ASSIGNMENT: There should be no pictures in your answer, only an exact copy of the lines from the one with "Rosa Clará5 - Vestidos" through the end of the material.

DATA SHOWN:
-- Opening Marker --

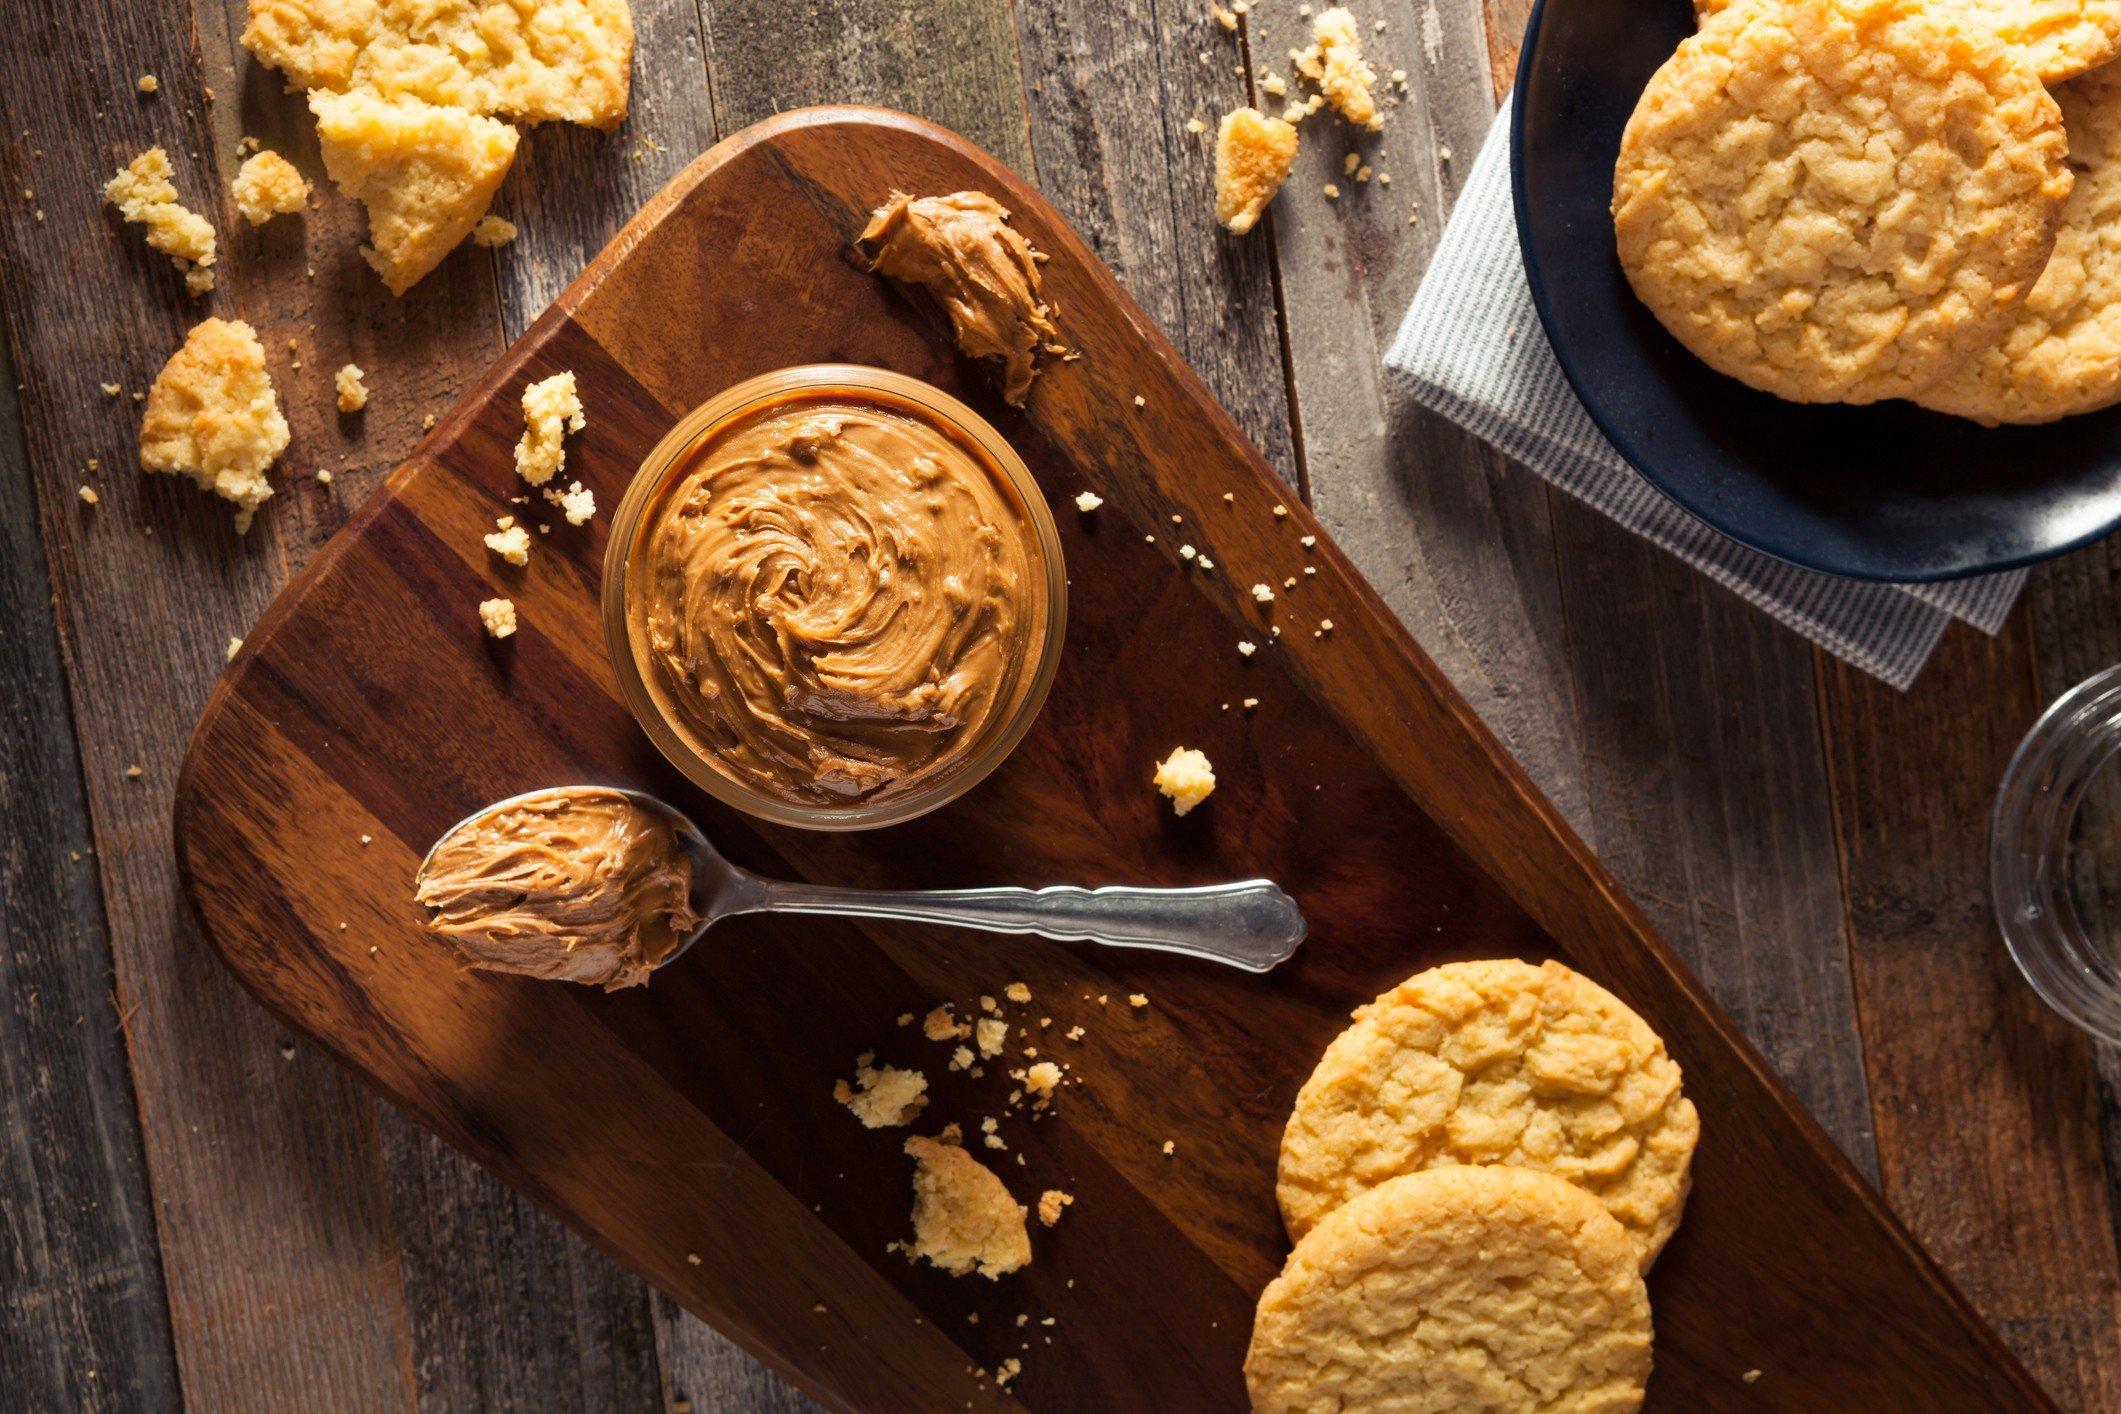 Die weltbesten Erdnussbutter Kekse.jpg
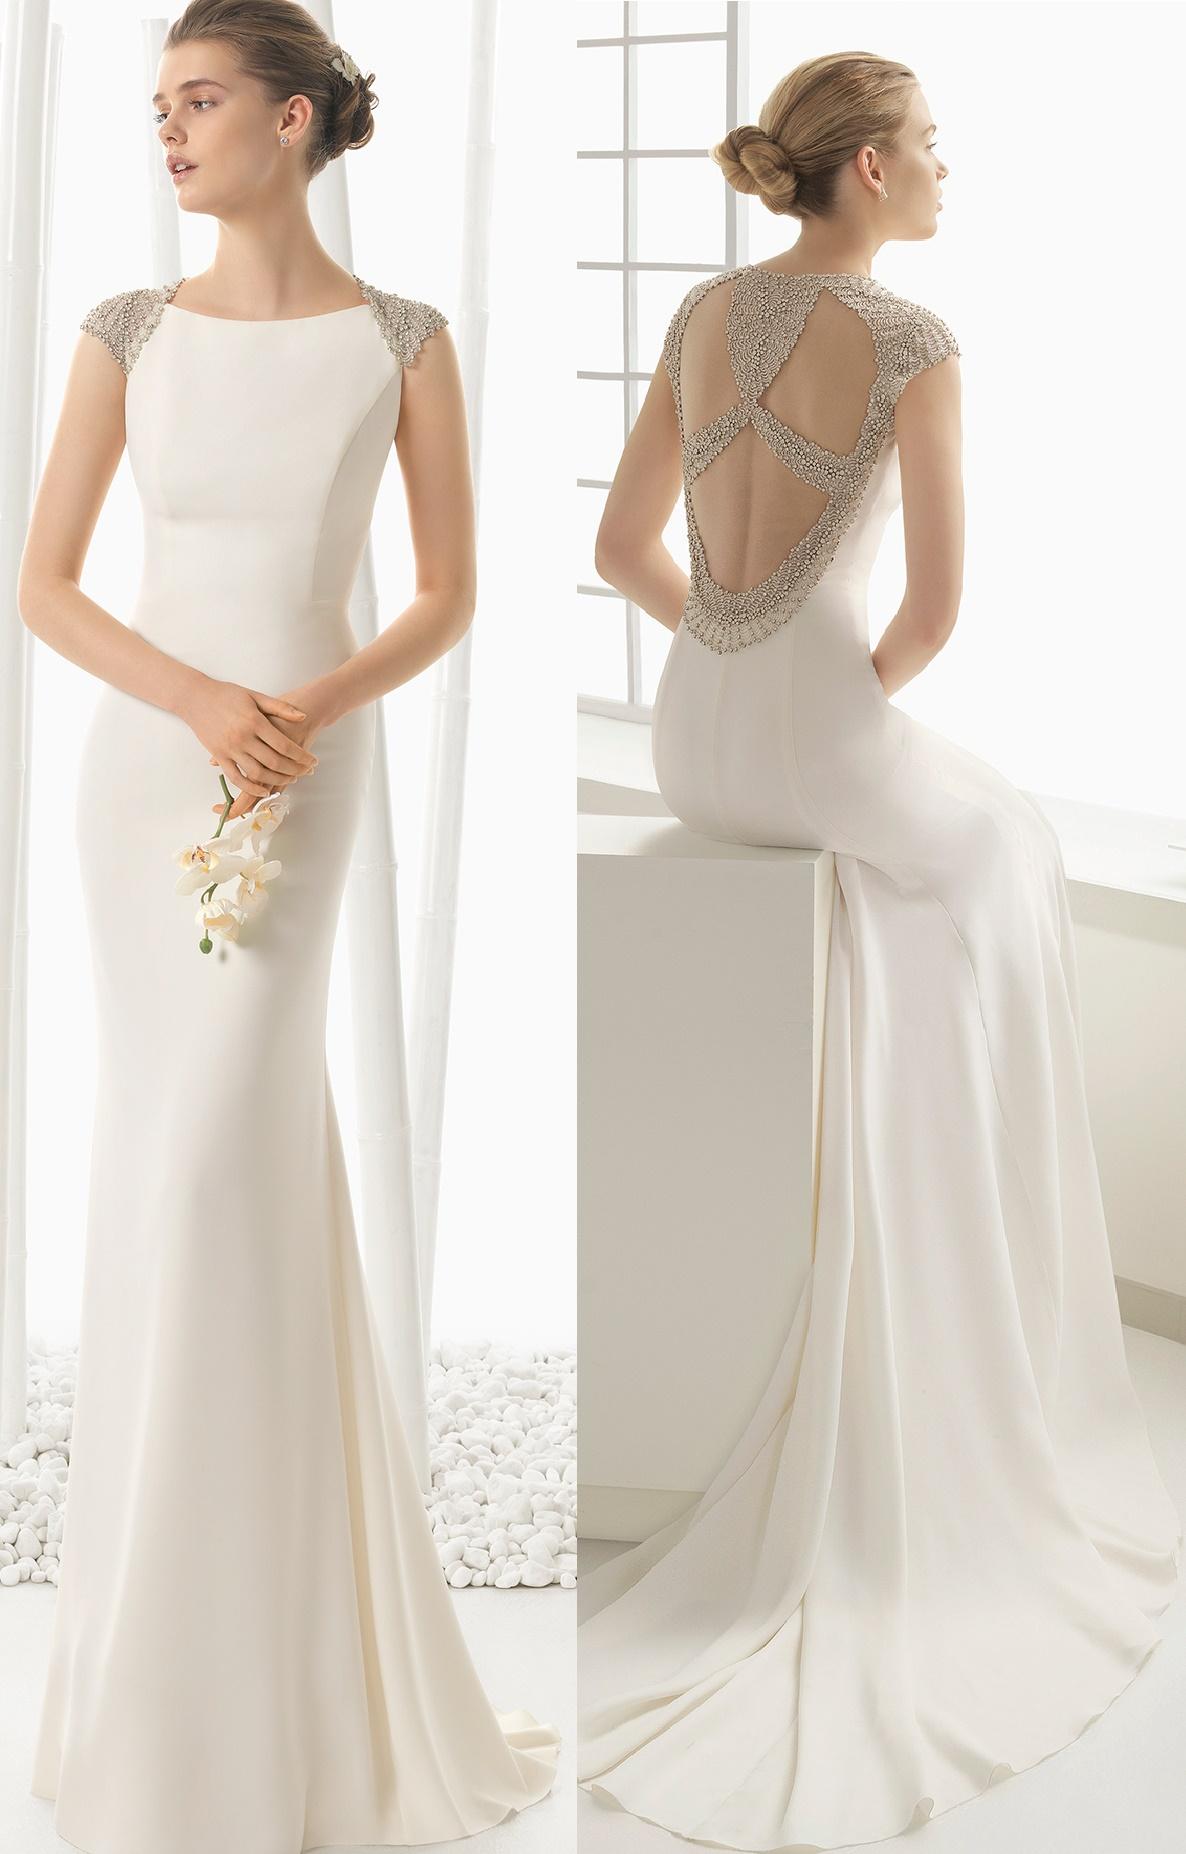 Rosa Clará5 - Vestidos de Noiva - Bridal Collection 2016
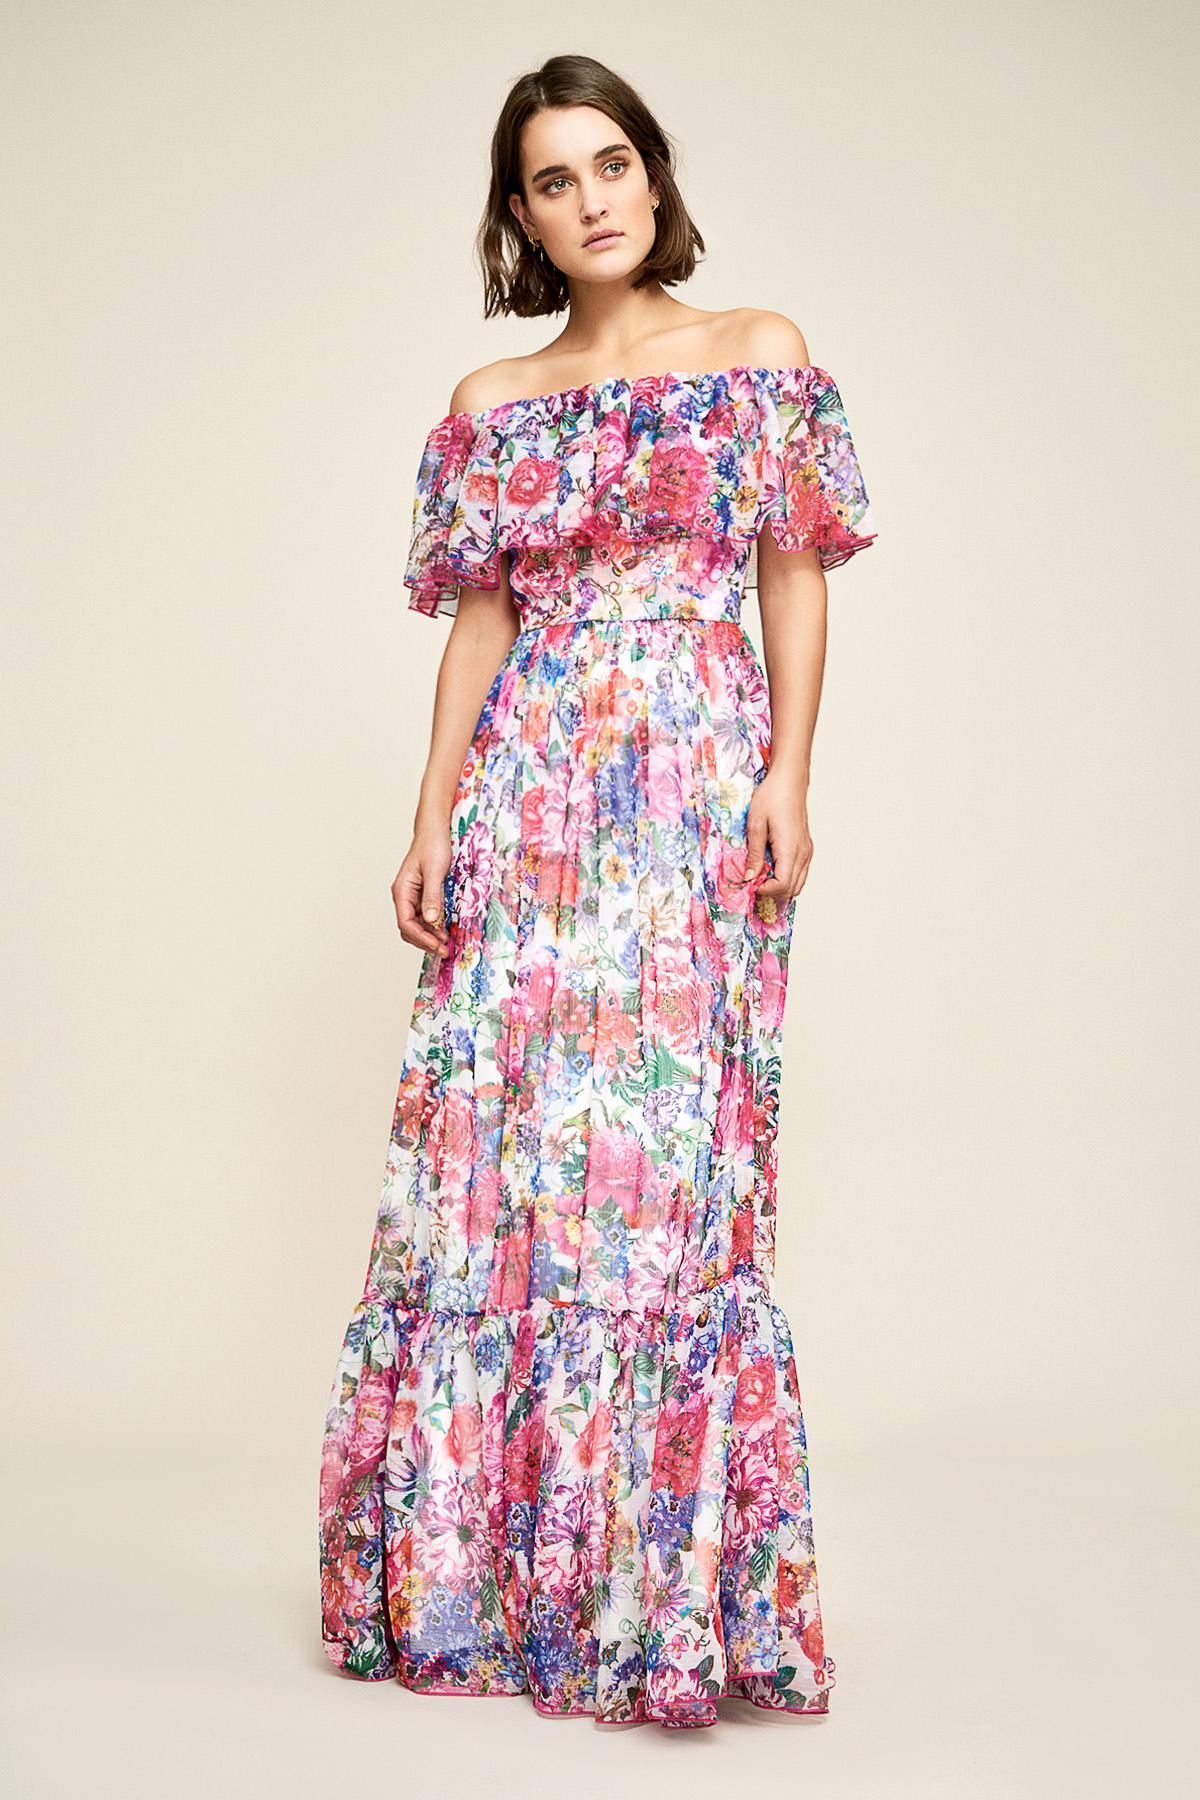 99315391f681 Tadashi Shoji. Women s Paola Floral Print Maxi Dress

-- Closing Marker --

RESULT BELOW:
 Rosa Clará5 - Vestidos de Noiva - Bridal Collection 2016
 99315391f681 Tadashi Shoji. Women s Paola Floral Print Maxi Dress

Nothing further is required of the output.